Re: FS hang when creating snapshots on a UFS SU+J setup
Hello, I'm sorry to bother you, but you may not be aware of this thread and this problem. We are several people experiencing deadlocks, kernel panics and other problems when creating sanpshots on file systems with SU+J. It would be nice to get some feedback, e.g. how can we help debugging and / or fixing this problem. Thank you, Yamagi On Mon, 2 Jan 2012 23:27:57 -0600 Bryce Edwards wrote: > I have a RELENG_9 machine that hangs when a snapshot is created on the > root fs (UFS, with SU+J). More accurately, all the processes show a > state of "suspfs" (with ^T) and no fs activity is completed from then > on. A hard reboot (power cycle) was the only way to proceed. > > Here's some reference info - let me know what else I should provide. > > $uname -a > FreeBSD xxx.xxx.net 9.0-PRERELEASE FreeBSD 9.0-PRERELEASE #0: Sun Dec > 25 05:04:37 UTC 2011 r...@xxx.xxx.net:/usr/obj/usr/src/sys/GENERIC > amd64 > > csup was run just before build[world|kernel] so you have reference on > the version information. > > $mount > /dev/gpt/root on / (ufs, local, journaled soft-updates) > devfs on /dev (devfs, local, multilabel) > linprocfs on /compat/linux/proc (linprocfs, local) > { zfs info removed } > > $df -h > Filesystem Size Used Avail Capacity Mounted on > /dev/gpt/root 454G 9.1G 409G 2% / > devfs 1.0k 1.0k 0B 100% /dev > linprocfs 4.0k 4.0k 0B 100% /compat/linux/proc > { zfs info removed } > > After the hard reset, there was a snapshot file listed in /.snap and > it was ~465 GB, iirc.
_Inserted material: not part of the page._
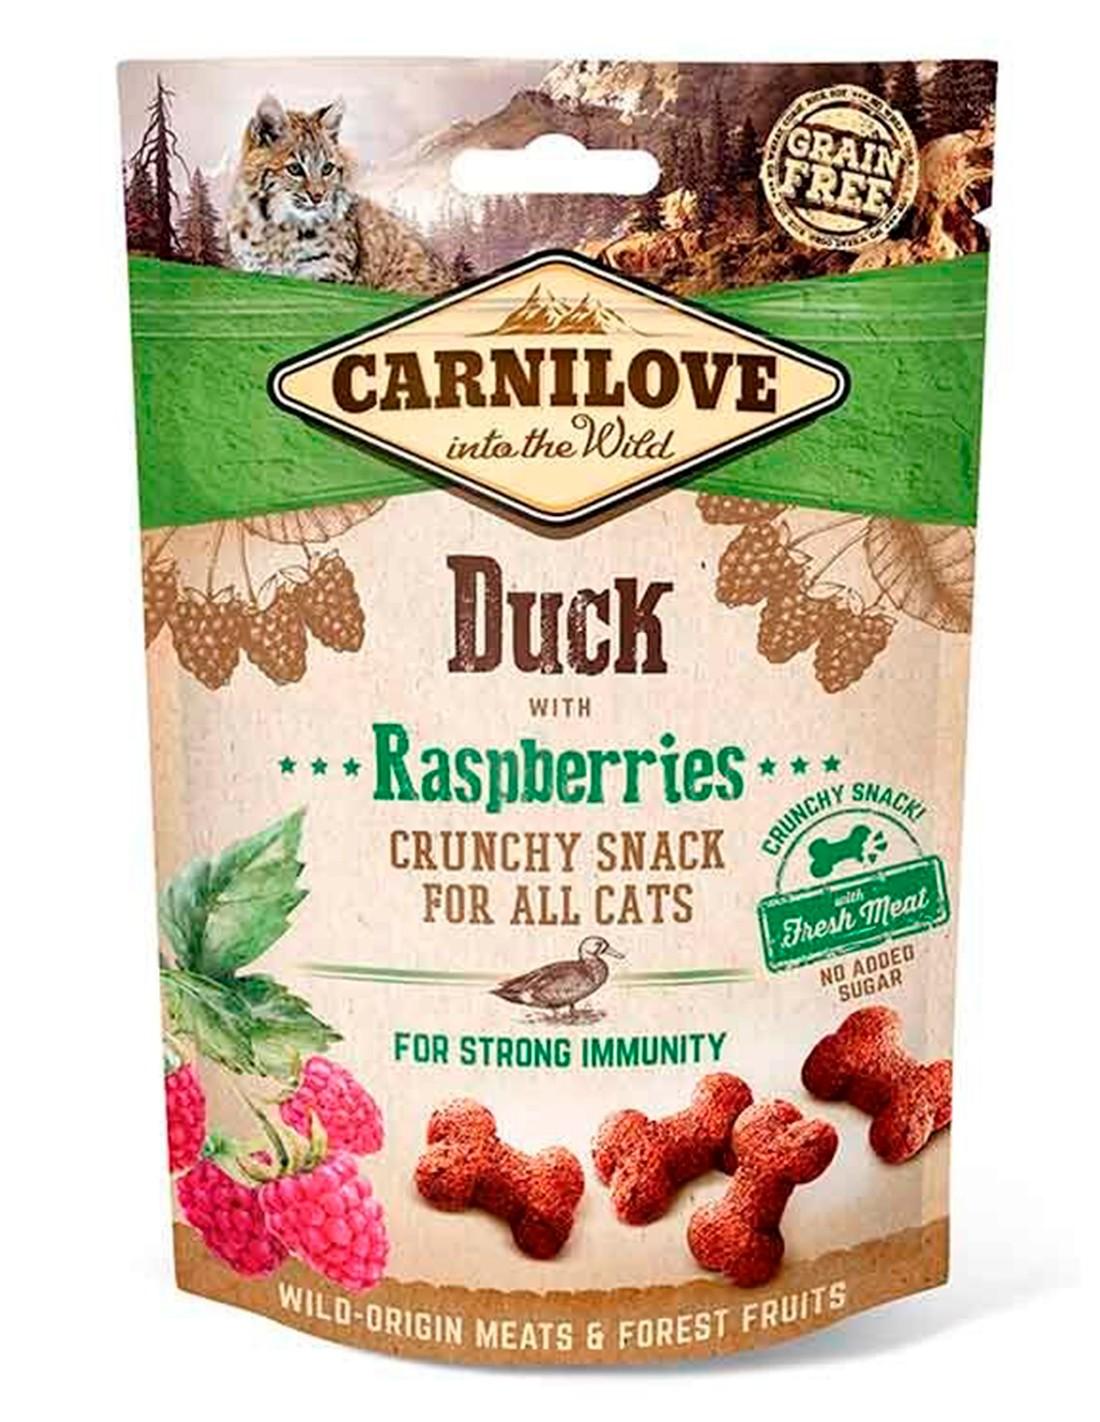 Carnilove Pato con frambuesas 50g - Snack Crunchy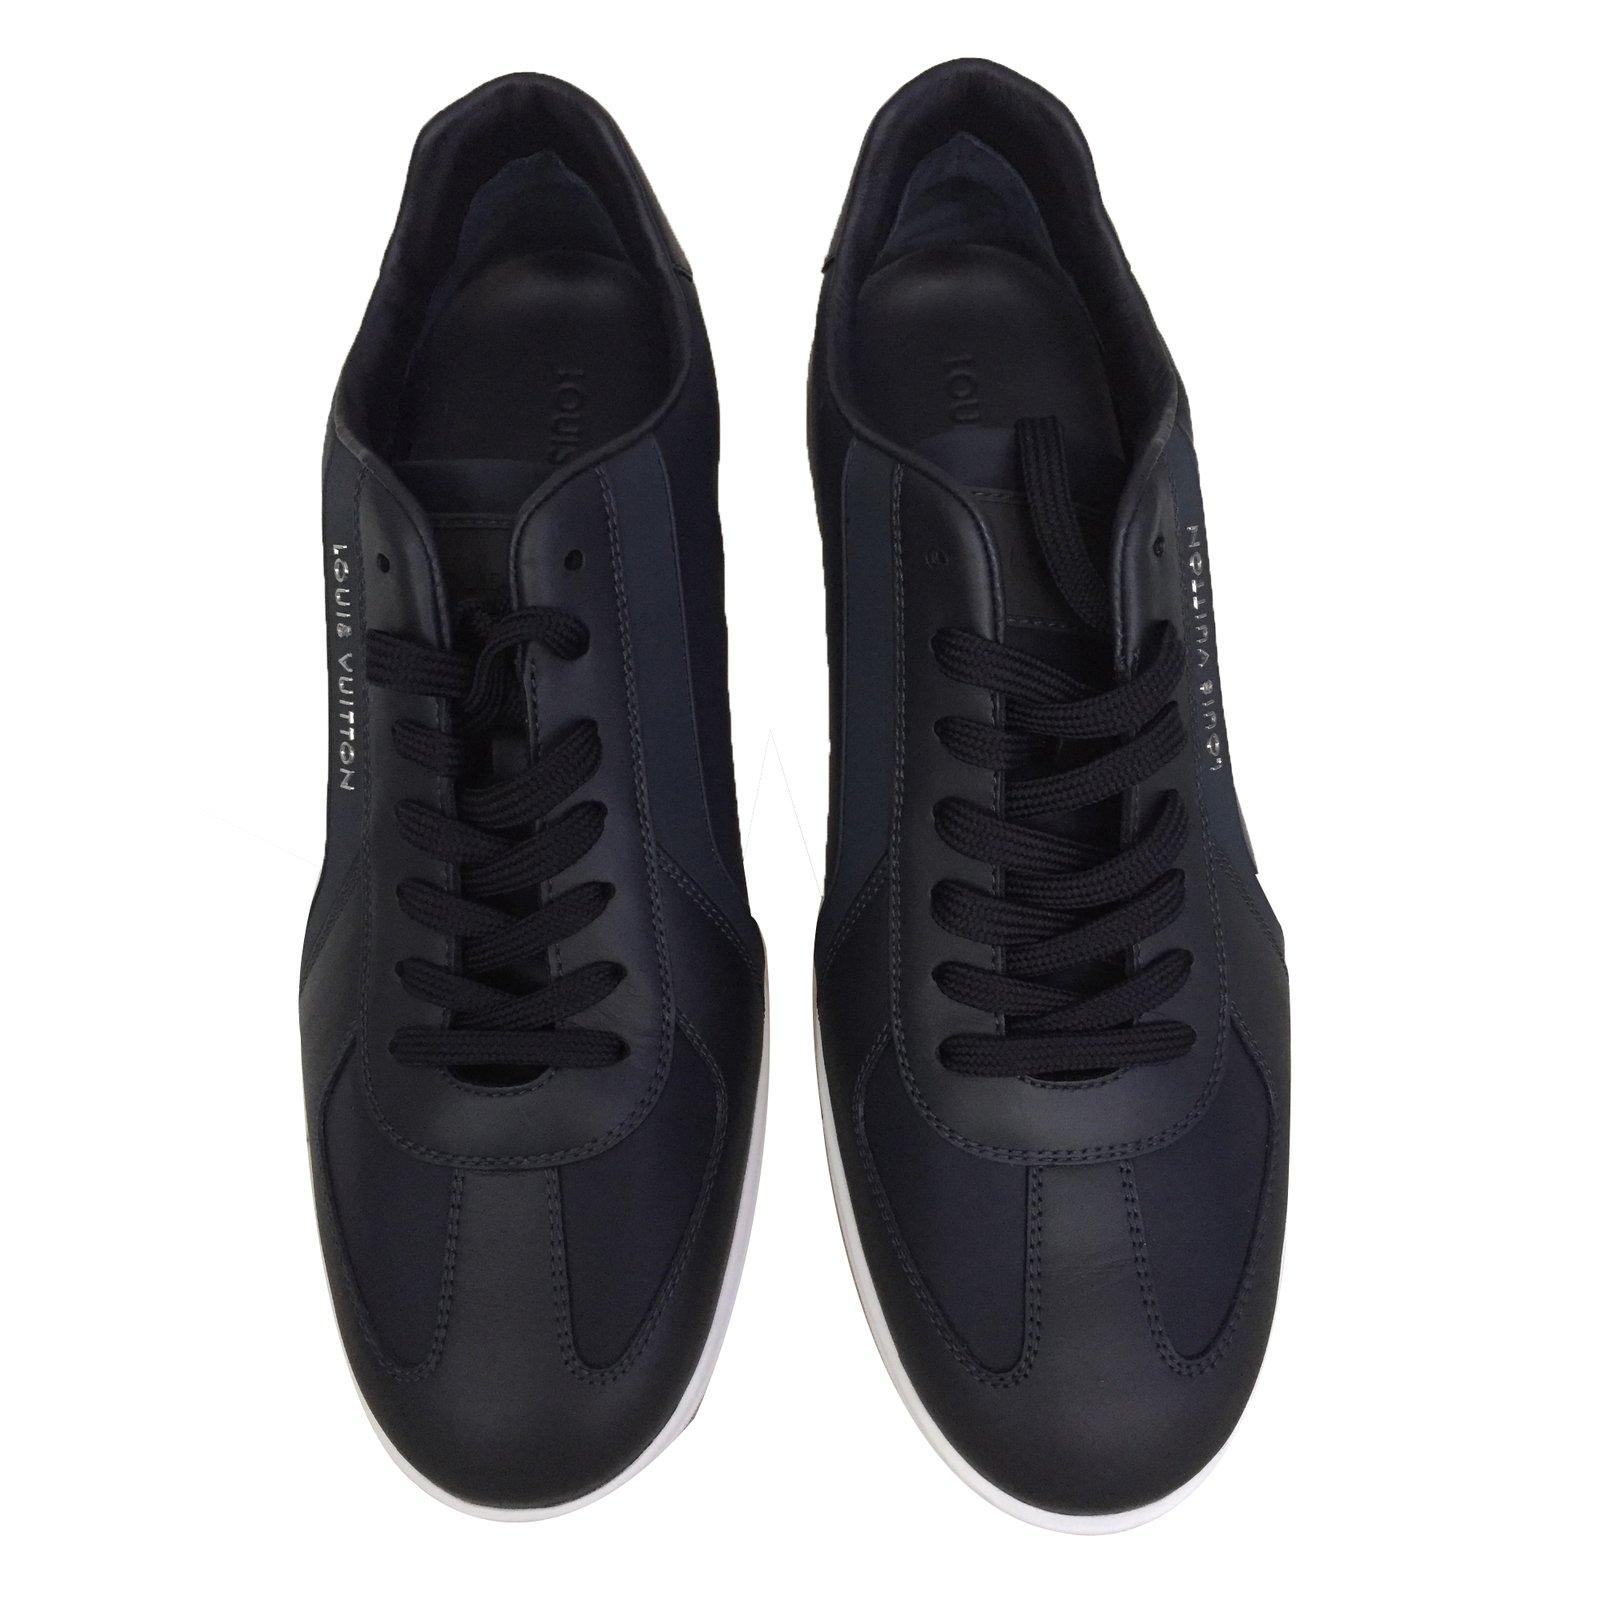 baskets homme louis vuitton basket pulse sneakers cuir. Black Bedroom Furniture Sets. Home Design Ideas

Unfortunately, I needed to get things going > again so I was not able to debug or diagnose further. I may be able > to schedule a time that I could recreate the issue and diagnose > better, but I wanted to get your input on what data points and/or > command you would be interested in. > > Thanks in advance, > > Bryce > ___ > freebsd-current@freebsd.org mailing list > http://lists.freebsd.org/mailman/listinfo/freebsd-current > To unsubscribe, send any mail to "freebsd-current-unsubscr...@freebsd.org" > -- Homepage: www.yamagi.org XMPP: yam...@yamagi.org GnuPG/GPG: 0xEFBCCBCB pgpjO4CjwHfj4.pgp Description: PGP signature
Re: FS hang when creating snapshots on a UFS SU+J setup
On Tue, Jan 03, 2012 at 12:55:36PM +, Alain BRAUNER wrote: > > May be i overlooked something but i can confirm the two precedents reports > and PR kern/163310, i have the same freeze when trying to issue snapshot on > the > root fs when SUJ is ON. > I confirm seeing this problem on my box. $ uname -a FreeBSD linbox 9.0-PRERELEASE FreeBSD 9.0-PRERELEASE #0: Fri Dec 30 19:49:47 IST 2011 root@linbox:/usr/obj/usr/src/sys/GENERIC i386 The source was csupped from 9-STABLE after the Christmas advisories, so it doesnt have the commits after that. This is the GENERIC kernel. > I never be able to create a snapshot when SUJ is activated. In my case, I am trying to take a backup using dump, and I was able to for e.g., take a backup of /, but failed with /var. Since I use tmux, I know that mksnap_ffs had taken over the machine -- the box was only slightly interactive -- I could type ps axl, but did not get any output. CPU utilisation was at 100% and the only way I could get out of it was to hit the reset button the the box. > > Also no problems when SUJ is disable. +1, I have switched SUJ off and now just have SU on like in 8-STABLE, and am seeing no problems with my backups. Is this a known issue with SUJ -- and is SUJ not yet ready to be used on 9-STABLE? Cheers, Gautam > ___ > freebsd-current@freebsd.org mailing list > http://lists.freebsd.org/mailman/listinfo/freebsd-current > To unsubscribe, send any mail to "freebsd-current-unsubscr...@freebsd.org" > ___ freebsd-current@freebsd.org mailing list http://lists.freebsd.org/mailman/listinfo/freebsd-current To unsubscribe, send any mail to "freebsd-current-unsubscr...@freebsd.org"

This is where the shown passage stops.